John Paul the Great served as the shepherd of the universal church for more than two decades. He taught the past two generations of men how to be priests, and he wrote a book based on the prophecies of Jeremiah and the priesthood, titled, Pastores Dabo Vobis, “I Will Give You Shepherds.” The new people of God, our Church, will always have pastors to guide them. As priests we all have various talents that we use in our ministries. God promises his people that he will never leave them without shepherds to gather and guide them. “I will appoint shepherds over them who will care for them so that none get lost.”

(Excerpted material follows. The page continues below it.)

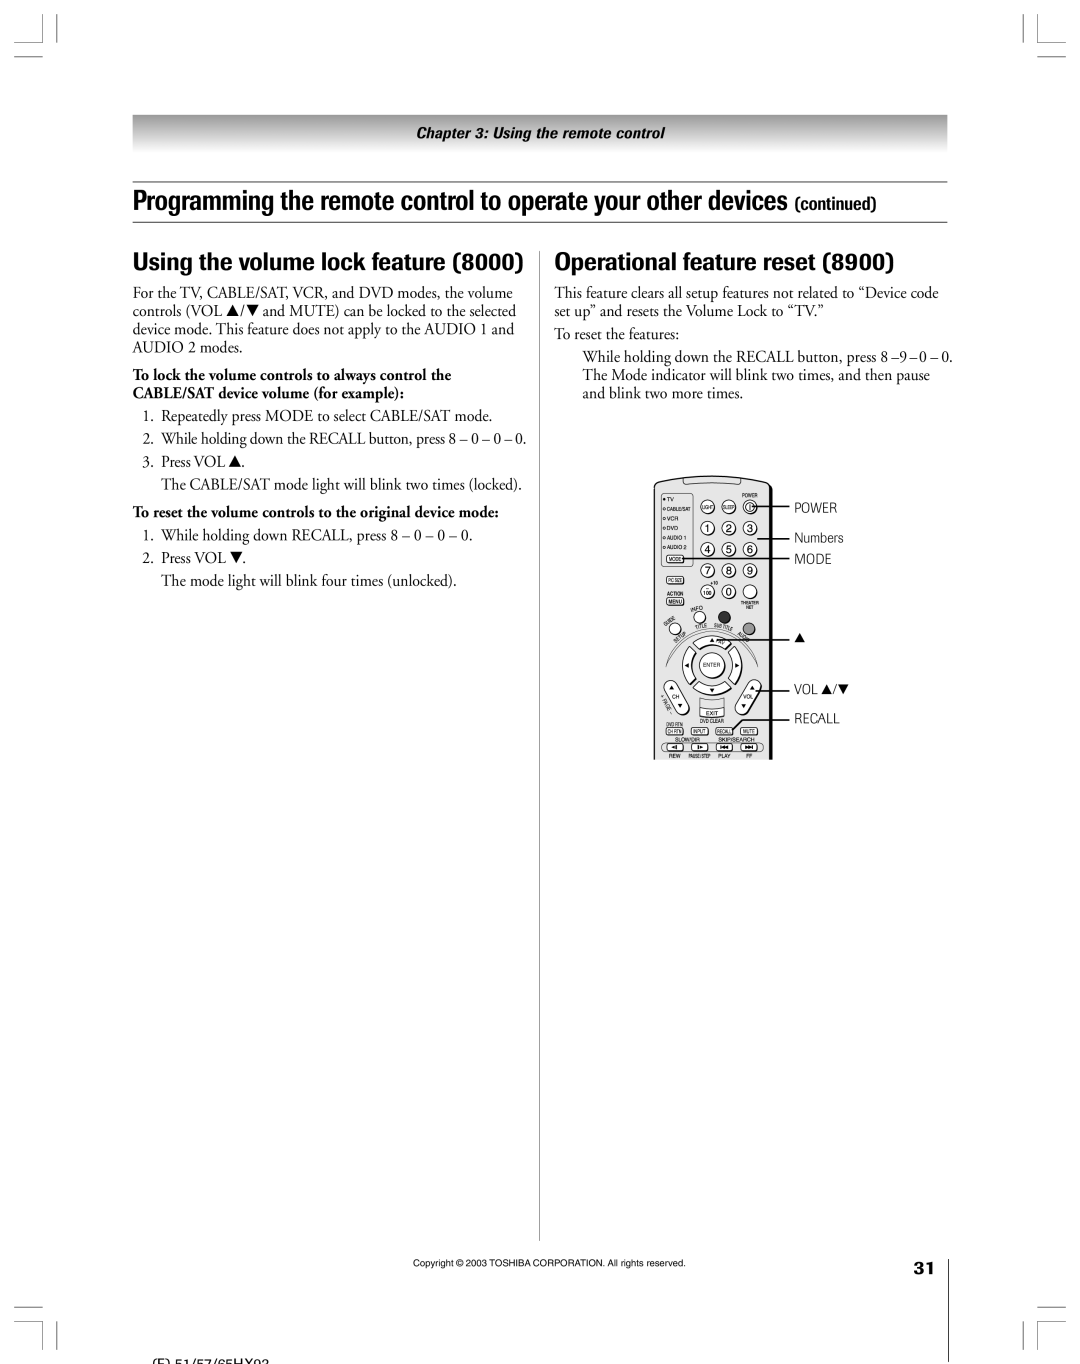 Toshiba 51HX93 owner manual Using the volume lock feature, Operational feature reset

Our Church today continually experiences the twenty-first version of the prophecy of Jeremiah who makes God present through revelation. Jesus Christ himself is the great high priest, the living, supreme, and definitive fulfillment of God’s promise from of old. The Twenty-Third Psalm remains so popular today because it speaks of a brave heart who knows that they are protected by God. “Even though I walk through the valley of the shadow of death, I fear no evil; you are with me” (23:1, 4a).
That bell that Monsignor Ryan heard when he was a boy continues to sound its tone today as God calls men and woman to service in the Church in various ways. This Church that God founded on the apostles is the same one he promised Jeremiah. The priests follow the same lineage, traceable to its origin, Jesus Christ the Great High Priest, the Word that transcends humanity.